◆ Dataset extract:
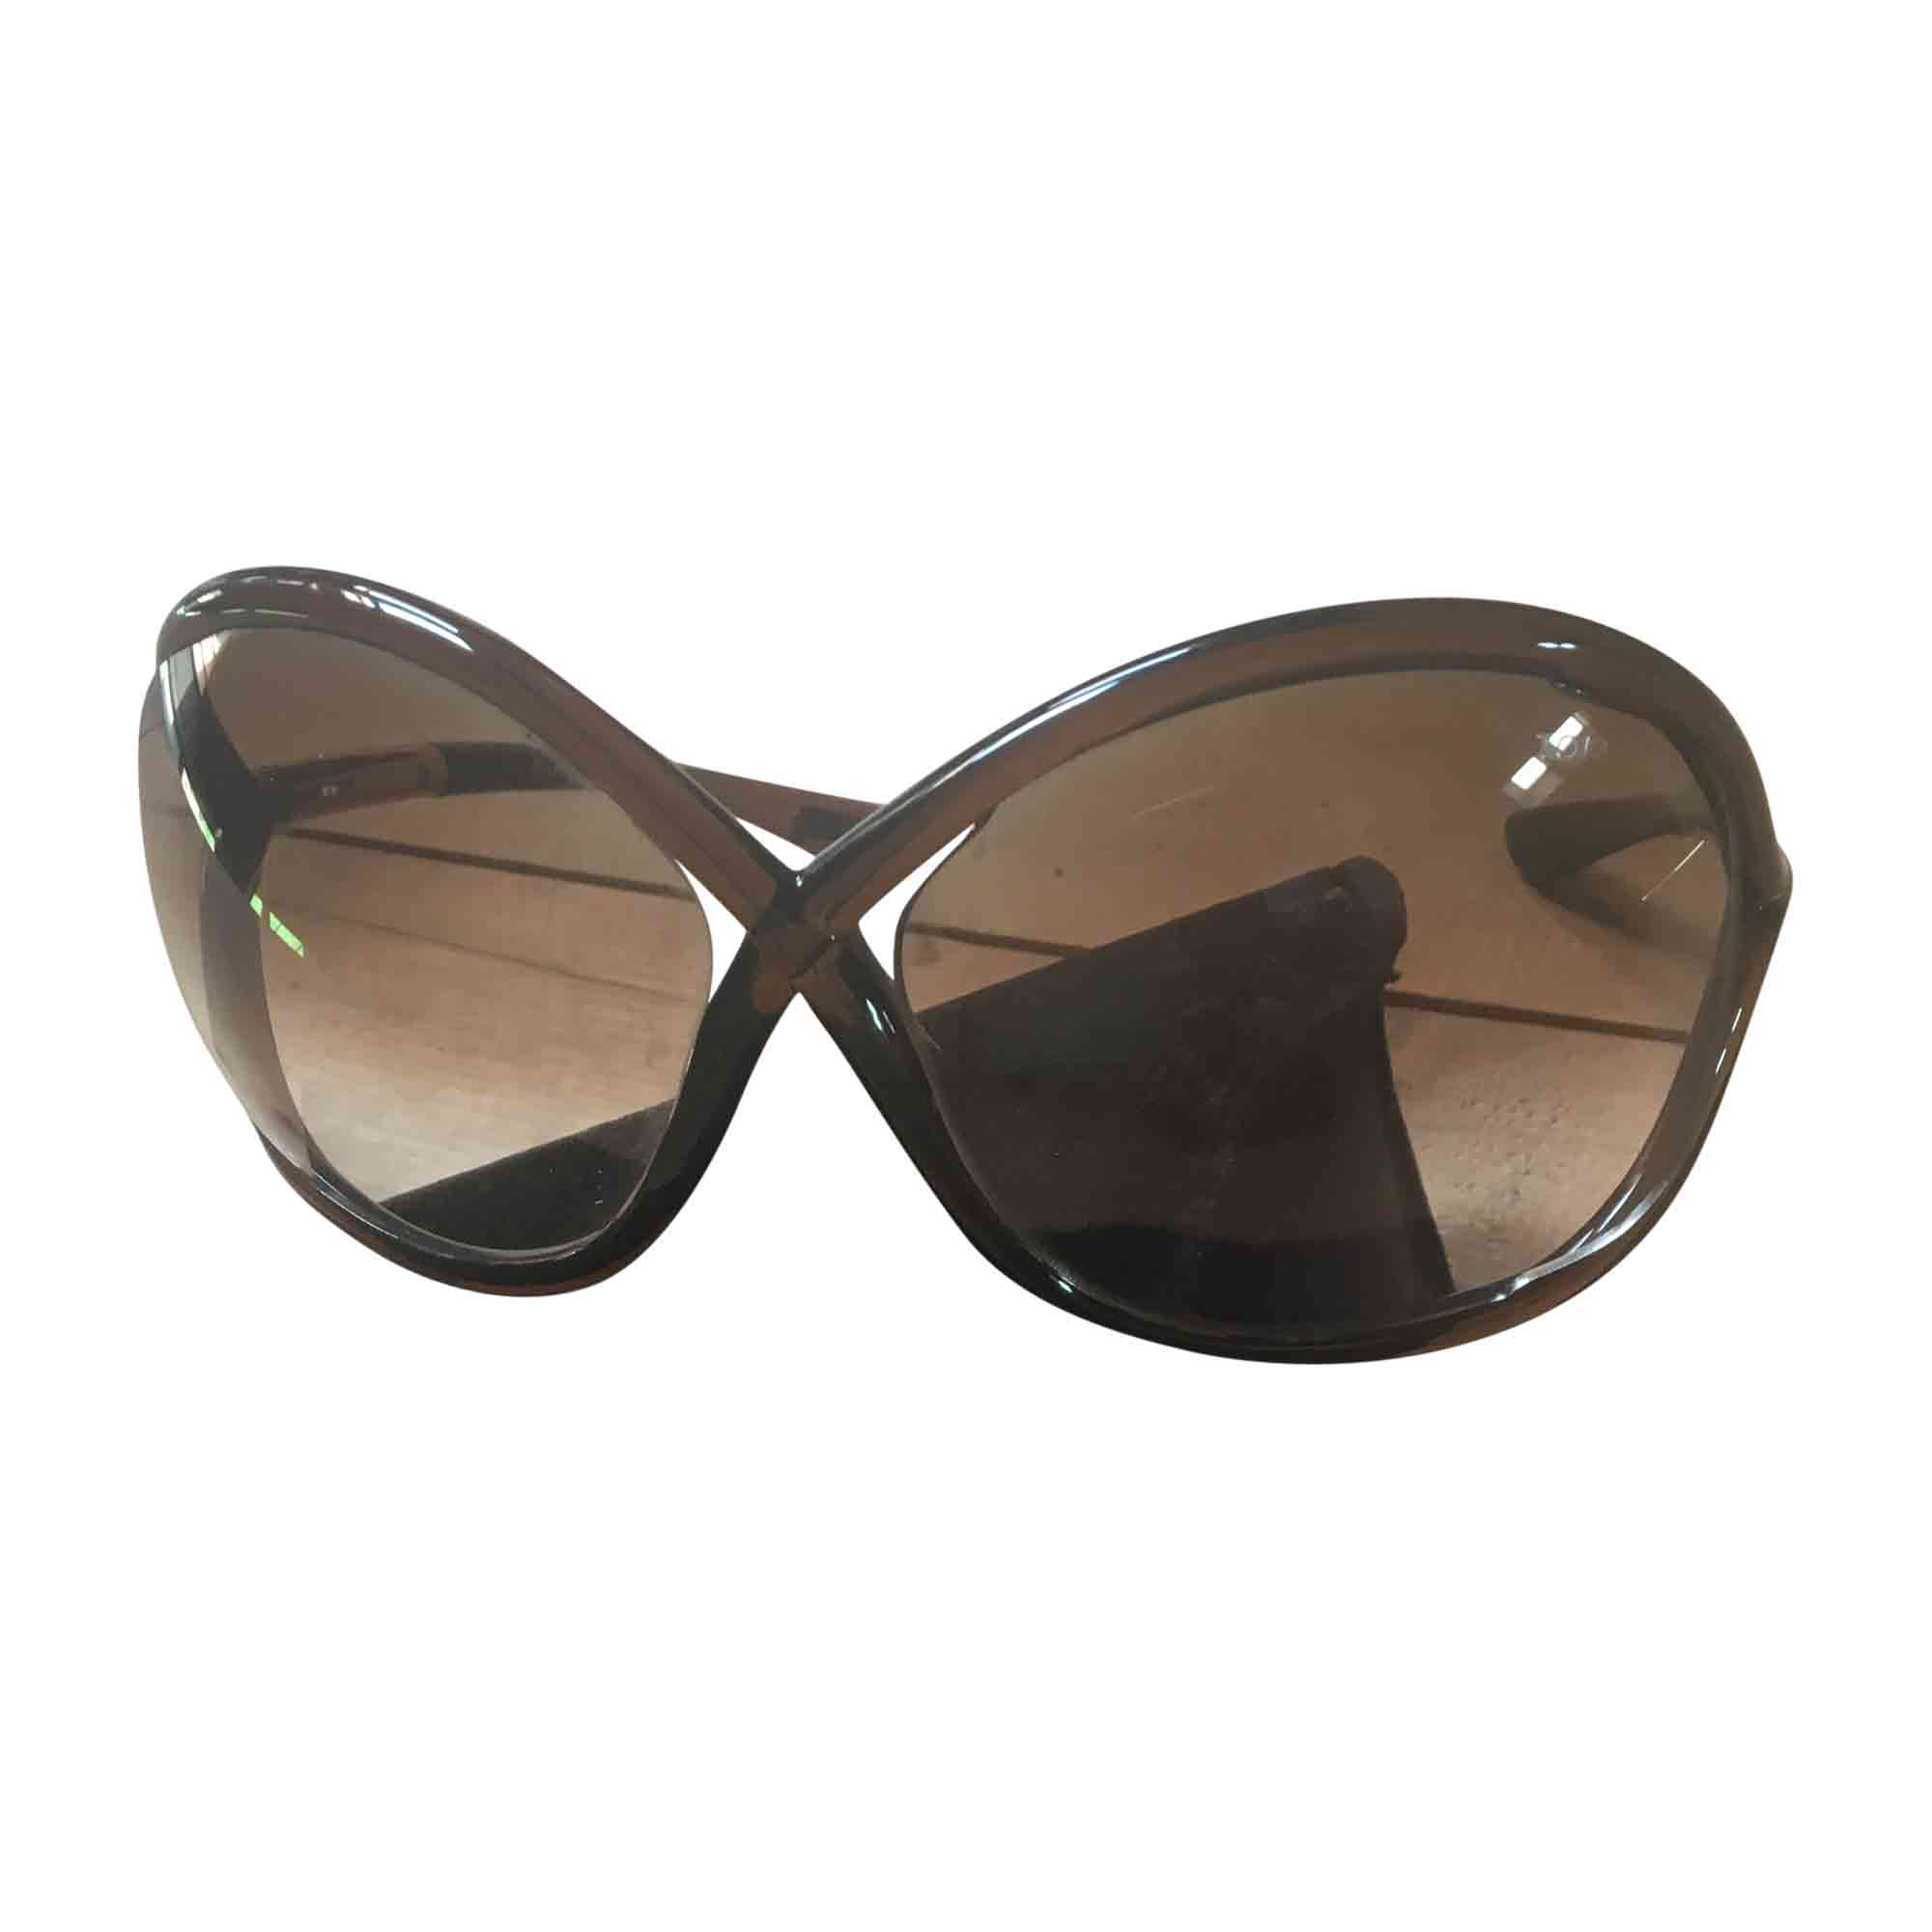 Sonnenbrille TOM FORD braun vendu par Ely8144 - 7717623
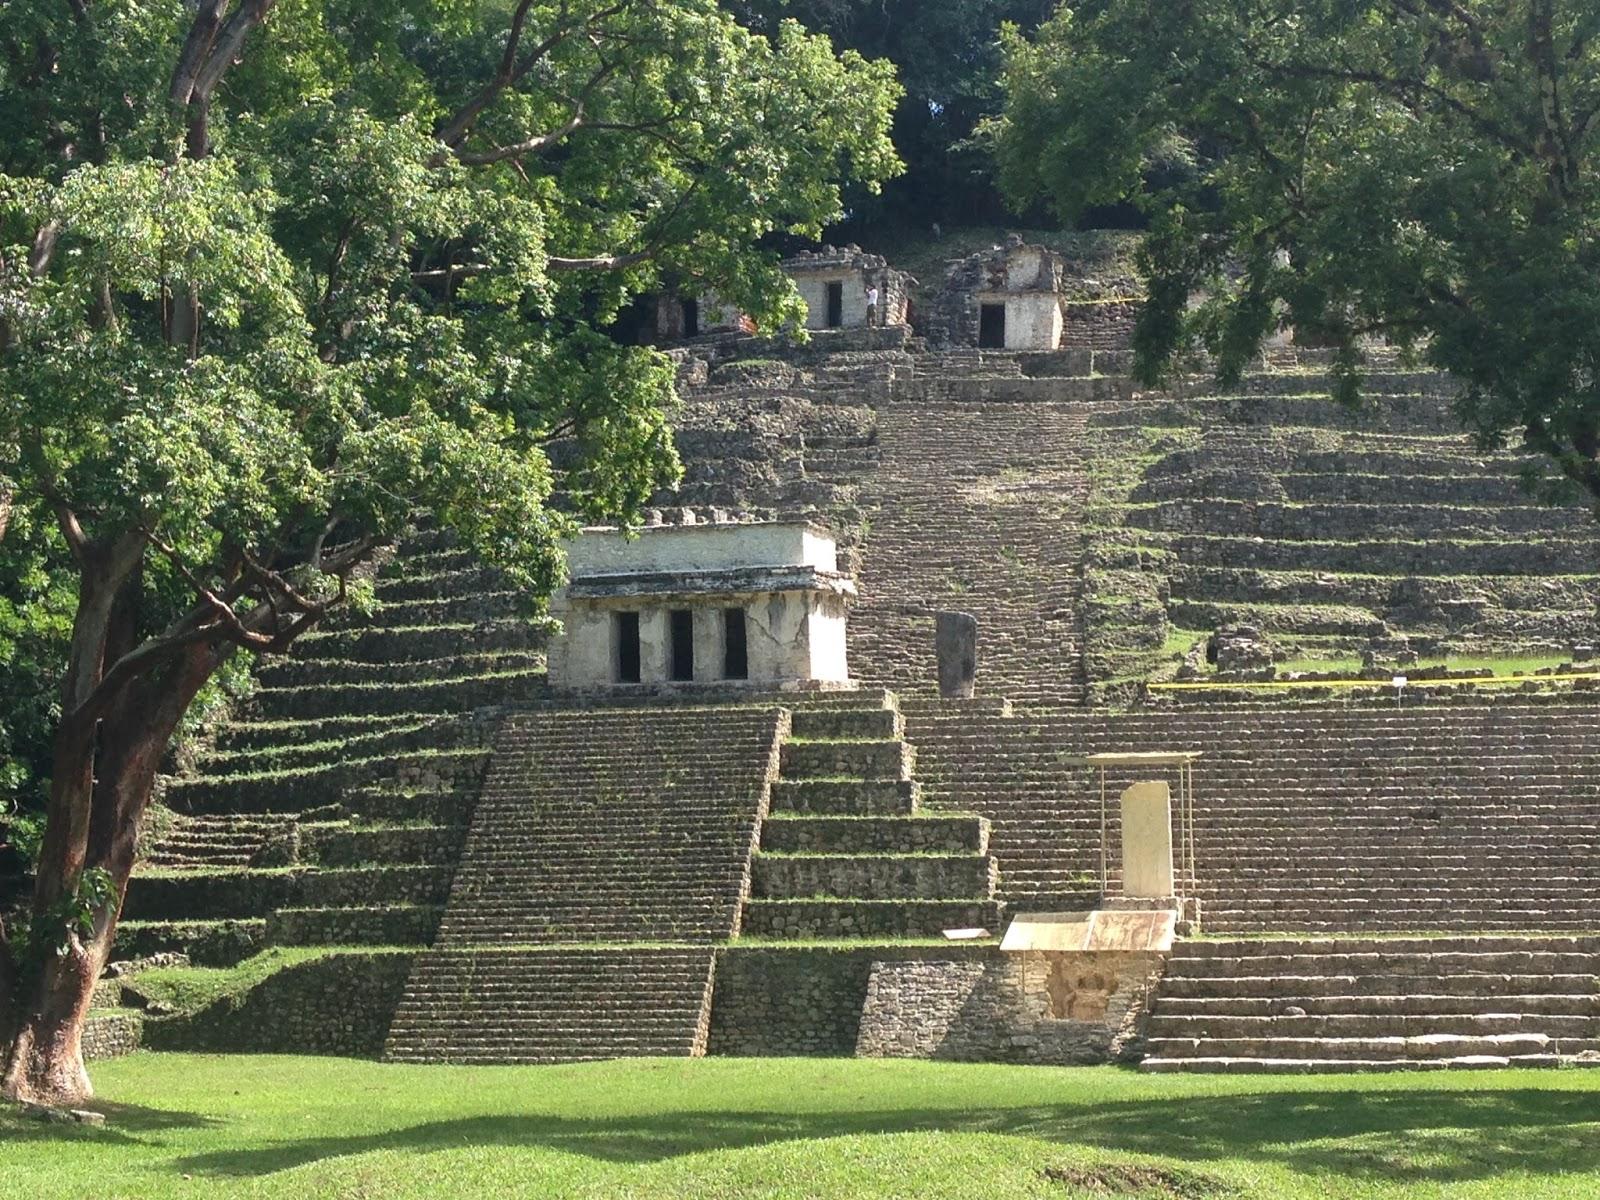 Calendario y cultura maya zona arqueol gica de bonampak for El mural de bonampak
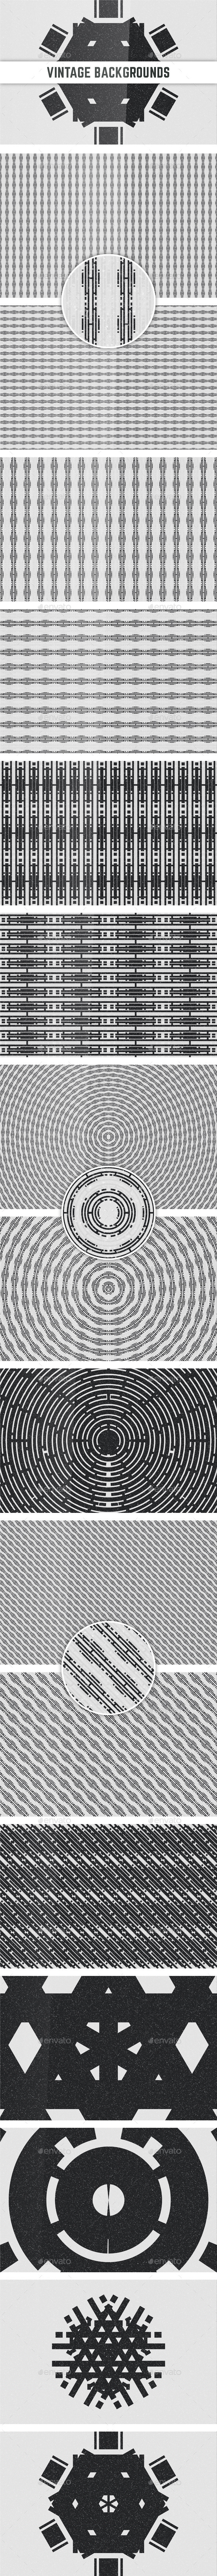 GraphicRiver Vintage Backgrounds 10784325

◆ What to produce:
Return the complete material exactly as given, excluding images.

◆ Solution to this task:
 Sonnenbrille TOM FORD braun vendu par Ely8144 - 7717623
 Calendario y cultura maya zona arqueol gica de bonampak for El mural de bonampak
 GraphicRiver Vintage Backgrounds 10784325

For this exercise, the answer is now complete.